Cooking tips for healthier meals

Cooking tips for healthier meals

Image source: Richly Middle Class

Although it is believed that cooking is an art, it not complete unless you end up preparing a healthy as well as a tasty meal. Most people either go for a healthy but unappealing meal or one that is delicious but unhealthy too. This sort of eating habit is not great in the long run. As we grow old, our metabolism weakens, and we need to pay extra attention to what goes inside our body. Therefore, we need to inculcate some healthy eating habits if we wish to look good, both physically and mentally.

Healthy meals are not really that hard to prepare as people make it seem like. It’s only a matter of mixing organic food with your taste buds. Initially, it may seem kind of hard to adjust your body to these new tastes. But gradual consumption will make you realise the difference it brings in your body and appetite. After a while, you won’t just feel fit, but you will also find a change in your appearance.

Essentially, there isn't a lot to do with cooking healthy meals. There are just a few changes that you need to make in your diet apart from adding and subtracting a few items.

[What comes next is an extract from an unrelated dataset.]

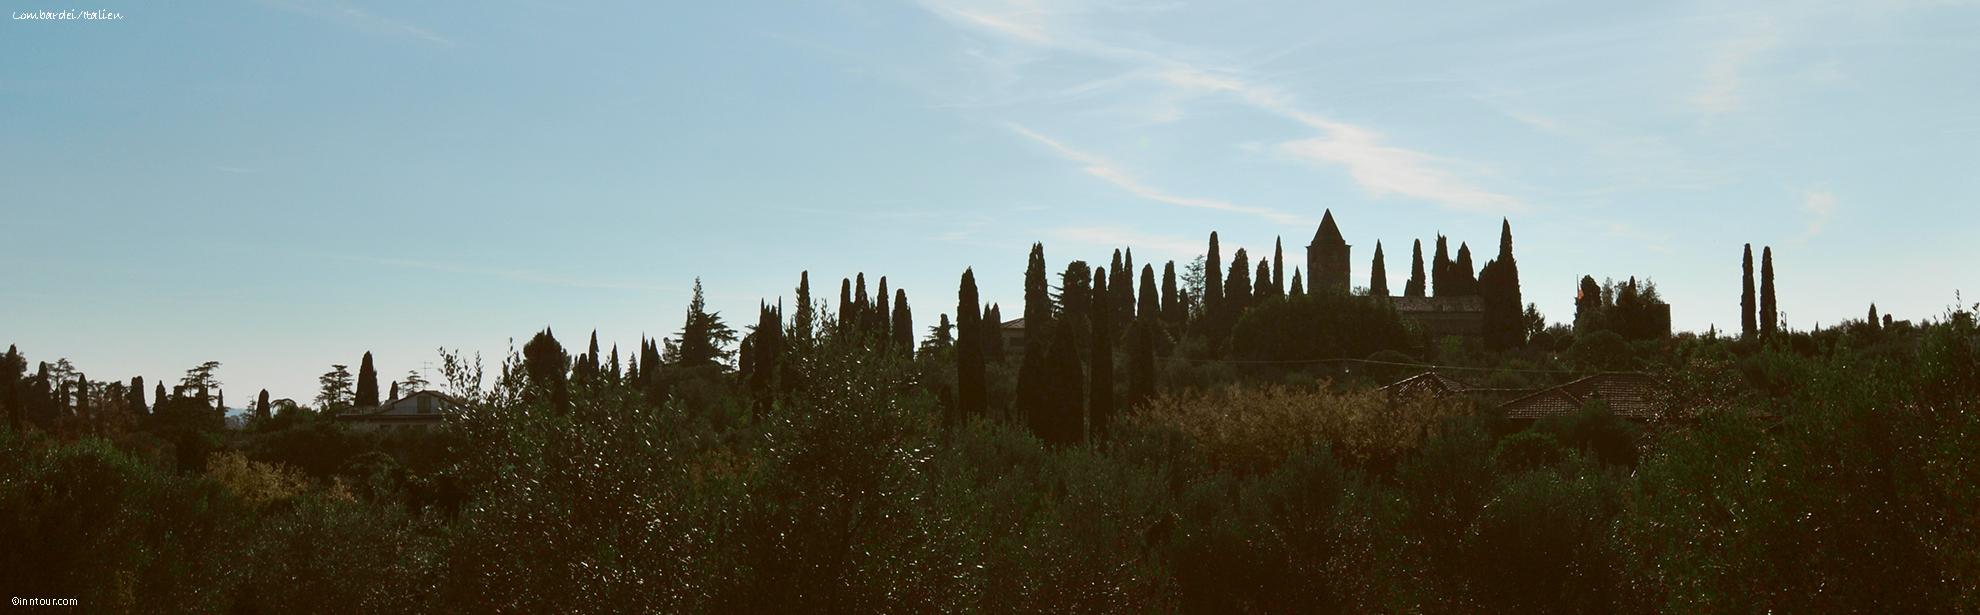 Osportinntour_Lombardei_DSC_1133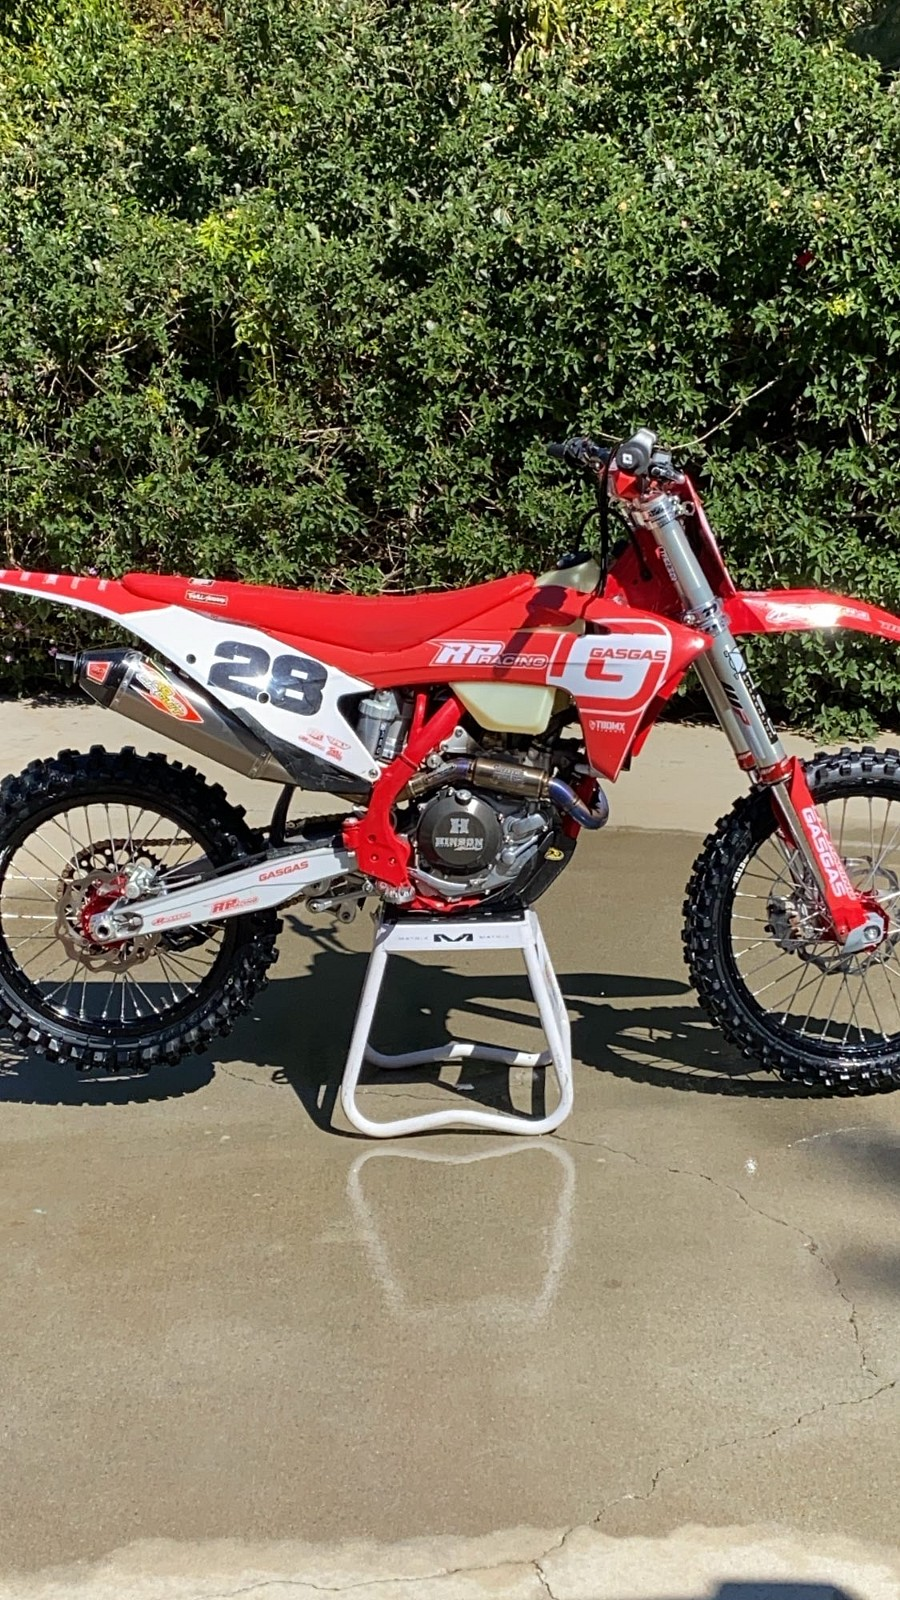 197E9B98-A042-4B76-BF46-2AB1F9F72313 - prida28 - Motocross Pictures - Vital MX

Well since you are not alone in the entire struggle for healthy eating, we might as well help you out.  So here’s a list of food items that you can include in your grocery list, the next time you hit the supermarket:

  • Pumpkin seeds: eat them to get your share of zinc, vitamin A, omega-3 fatty acids and vitamin C as well that maintains your hair growth and nourishes the skin.

  • Walnuts: consumption of walnuts provides the body with omega-3 and omega-6 acids. This helps to keep your skin young by retaining the moisture and avoiding dehydration. Snacking on 2-3 walnuts a day also helps to protect your hair’s quality.
  • Tomatoes: if you love the sour and tangy taste, then tomatoes are a very good kitchen product since they are the powerhouse for antioxidants. Their presence helps in protecting the skin from harmful UV rays and sun damage. Add tomatoes in your meal or eat them raw in your salad for a glowing and clear skin.
  • Oats: consider these as an excellent source of zinc, biotin, magnesium, potassium as well as carbohydrates. All of these components are vital for promoting healthy and strong hair. The deficiency of these can lead to dry and brittle hair. Include oats in your meal as the perfect breakfast option.

  • Almonds: they are considered as the perfect combination of protein and magnesium content. The popular dry fruit is also known as a stress buster and promotes hair growth, thanks to the magnesium. Regular munching of 4-5 almonds a day, can ward off the deficiency and encourage healthy hair and nail growth.
  • Dates: these wonder products are a great source of iron, which helps in providing energy to the body. The presence of iron is mandatory to fuel the body’s charge and energy levels. In fact, deficiency of iron can lead to anaemia. Since these are the most efficient products to supply anenormous amount of iron, consuming two to three dates a day, is highly recommended.

Healthy eating is no longer a herculean task, thanks to a few cooking tips. Most dieticians and nutritionists would agree that making a few changes in your diet and kitchen recipes, is all one needs to accomplish a healthy meal.Also, remember that these changes not only improve your physique but also result in a glowing and bright skin.

These food items are not only great sources of different vitamins and minerals but are also great substitutes for unhealthy but tasty products. Apart from that, they are great taste enhancers as well. So who wouldn’t want the benefit of a healthy mind and body, with just a few improvements in your diet? Just remember to include some of these food products in your kitchen recipes and enjoy good health for lifelong. Click here to browse the JBN store and make your favourite pick!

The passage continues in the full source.